If they don't get what they want from their employer, they simply
stop working.  Even without a minimum wage law, it may well be
impossible for a company to go out and hire enough sufficiently
skilled people if a union were to strike.  This is also called
blackmail.  Do what we want, or else.

	After talking with and listening to several politicians,
I think their reasoning behind the minimum wage goes more like
this:  Earnings below some (arbitrarily decided) level are not
acceptable.  If you earned less than $3.35/hr., for example, that
would be barely enough for you to live on.  Therefore, what we
(government) will do is to declare that no one can work for less
than $3.35/hr.  We can then say to our constituency that we are
doing a good thing: writing into law that each and every one of
us is worth at least $3.35/hr.  On the surface, that looks like a
good thing.  I.e. it implies that if you have a job, you can earn
enough to live above the "poverty level".  No more
"exploitation".  The problem is that they are ignoring the side
effects.  We don't have guaranteed employment in this country.
Just because someone has to pay you at least $3.35/hr. doesn't
mean that he actually has to hire you.  So if what you were doing
isn't worth the government-declared minimum, you lose your job.

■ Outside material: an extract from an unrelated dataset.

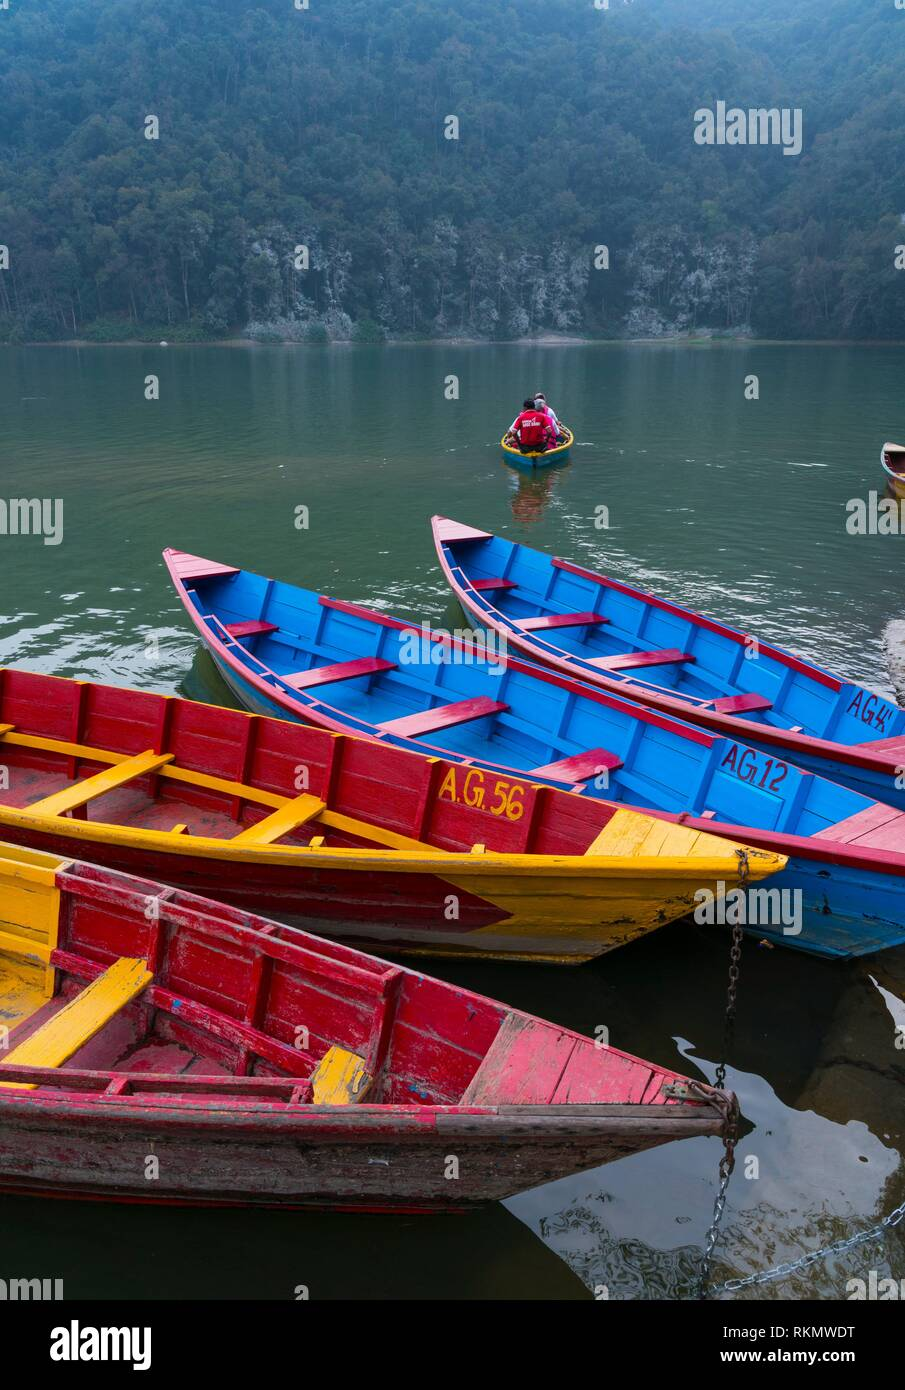 Rowing boats, Phewa Lake, Pokhara, Nepal, Asia. - Stock Image
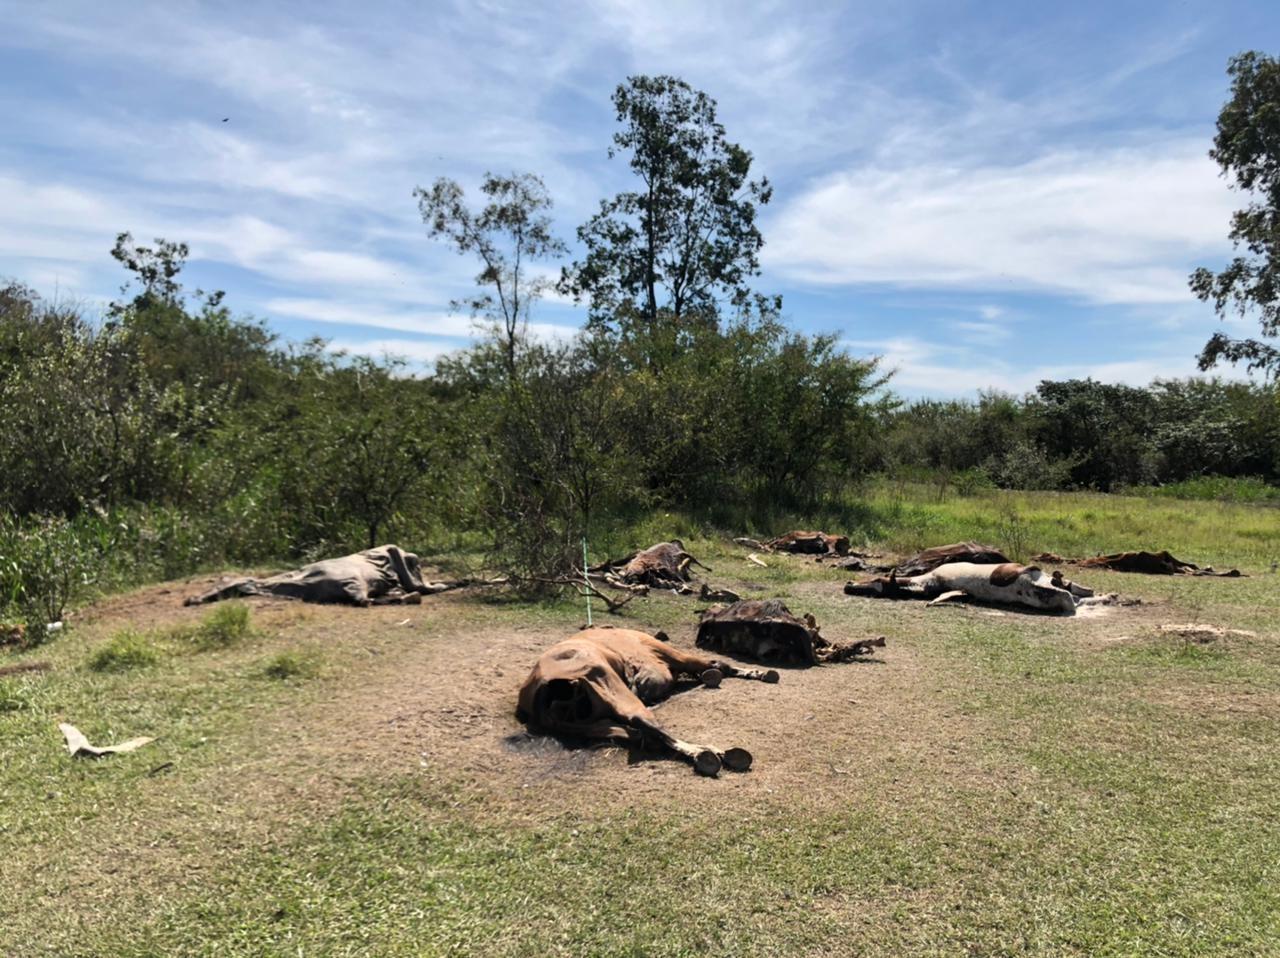 Polícia investiga possível cemitério de cavalos em Nova Santa Rita

	In other words, what the minimum wage law says is that
it's better to be unemployed than to have a job that pays "too
little".  It's better for black teenagers to hang out at the
local park than to have them be able to work.

	An interesting statistic from Dr. Williams:  before the
days of the minimum wage, black teenage unmployment was about 9.5%.
Today, after the law which was supposed to protect them from
poverty and exploitation, the unemployment rate has climbed to 50%.